A
gentle introduction to Gradient Descent
One way to think
about machine learning is as a series of “Optimization” problems
i.e. finding the minimum or maximum of a mathematical function (often
called a loss function). Gradient descent is a workhorse for
optimization and is often employed in neural networks.
Imagine that you are
hiking through a landscape that looks like the Chocolate Hills of the
Philippines and that your objective is to get to the lowest point
amongst these hills.
But wait a second!
What does this have to do with machine learning? In fact, it is so
fundamental, that it is easy to miss the intuition! Let’s say you
are trying to build a predictive model. The way you would build the
perfect model is by comparing your prediction against the actual data
and constructing what is known as a loss function. Simplistically,
that could be :
Loss
function = Your prediction – Actual data
Optimization in this
scenario would be to find the model that reduces the error between
your prediction and the actual data. Said in other words,
optimization aims to find the model that provides the lowest possible
value of the loss function. This hilly landscape can be imagined as
the error for various models and finding the lowest point in the
landscape corresponds to the perfect model!
The ‘objective’
function you are trying to optimize during the hike is your height
above sea level. The parameters of this function, known as the
objective, are your latitude and longitude. Gradient descent offers a
set of techniques to iteratively locate the lowest (or highest)
point. Using gradient descent, you can figure out which direction to
take your steps in and how long each step should be.
Say that you’ve
stopped to take in the beautiful view of the hills and you stretch
one foot out in every direction around you to feel the ground. The
tilt of your feet as it lands on the ground is the gradient or the
slope. This is exactly the ‘gradient’ in gradient descent too!
In logical terms,
all of gradient descent can be encapsulated within the following few
lines:
Set initial random parameters (say latitude,
longitude = 43N,45W)
Calculate height above sea level at these
initial parameters (objective function)
Repeat until change in objective function is
very small or you’re tired of walking (number of steps has reached
a large value):
Compute
gradient with given parameter values (lat, long)
New parameters = Old parameters – Learning
rate * Gradient
Calculate height above sea level (objective
function) at these new parameters (new objective function)
Is the change in
your height above sea level very small? If so, then stop
The learning rate
used above determines how fast you arrive at a solution (whether
optimal or not). A large learning rate would imply that the length of
each step you take during your hike is large. You would ‘learn’
quickly with a large learning rate, but you also risk missing the
lowest point in the hill, because you may have just stepped over it.
A smaller learning rate could be exhaustive, but might make for a
very slow process. Imagine a 6 ft human being hiking through these
hills versus an 18ft troll. The human being might cover the entire
hilly landscape thoroughly but take months, while a troll might miss
the lowest point, but take only a few hours.
There are three
variants in gradient descent and they all differ in what information
you use to determine your direction of travel and length of step.
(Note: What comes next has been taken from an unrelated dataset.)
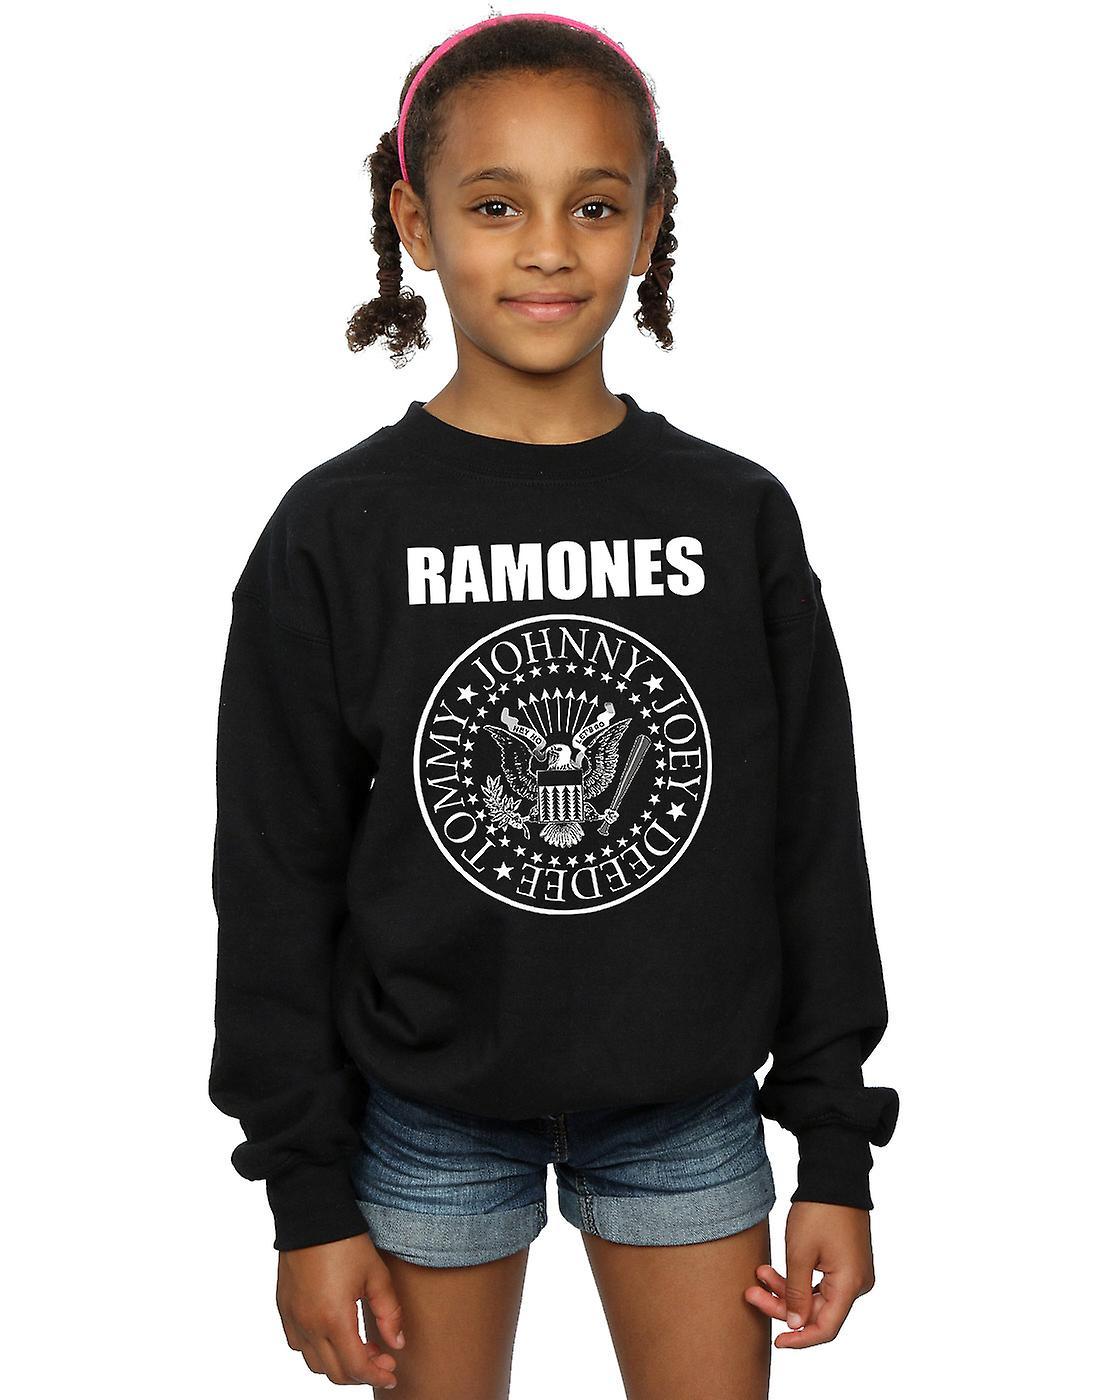 Ramones Girls Presidential Seal Sweatshirt

Batch gradient descentThe gradient in batch gradient descent is calculated using the entire available training data set. Although this ensures that for convex landscapes a global minima will always be found, you can imagine it being very slow. Before every step you (the hiker) takes, you compute the gradient based on all available data.

Stochastic gradient descentIn this case, before every step that you, as the hiker, take, you stochastically (or randomly) select a single training data point and use it to compute the gradient. This can lead to a lot of variation and less evenly taken steps compared to batch gradient descent since now, the new step depends on a randomly chosen data point. The nice thing though is that it is much faster than the batch method.

Minibatch gradient descentThis is the chicago blend popcorn of the gradient descent world! It uses small batches of training examples to compute the gradient (not all like in batch gradient descent and not one like in stochastic gradient descent). A combination of stability of parameter updates as well as manageable computation time makes this technique an attractive option when choosing gradient descent for optimization problems.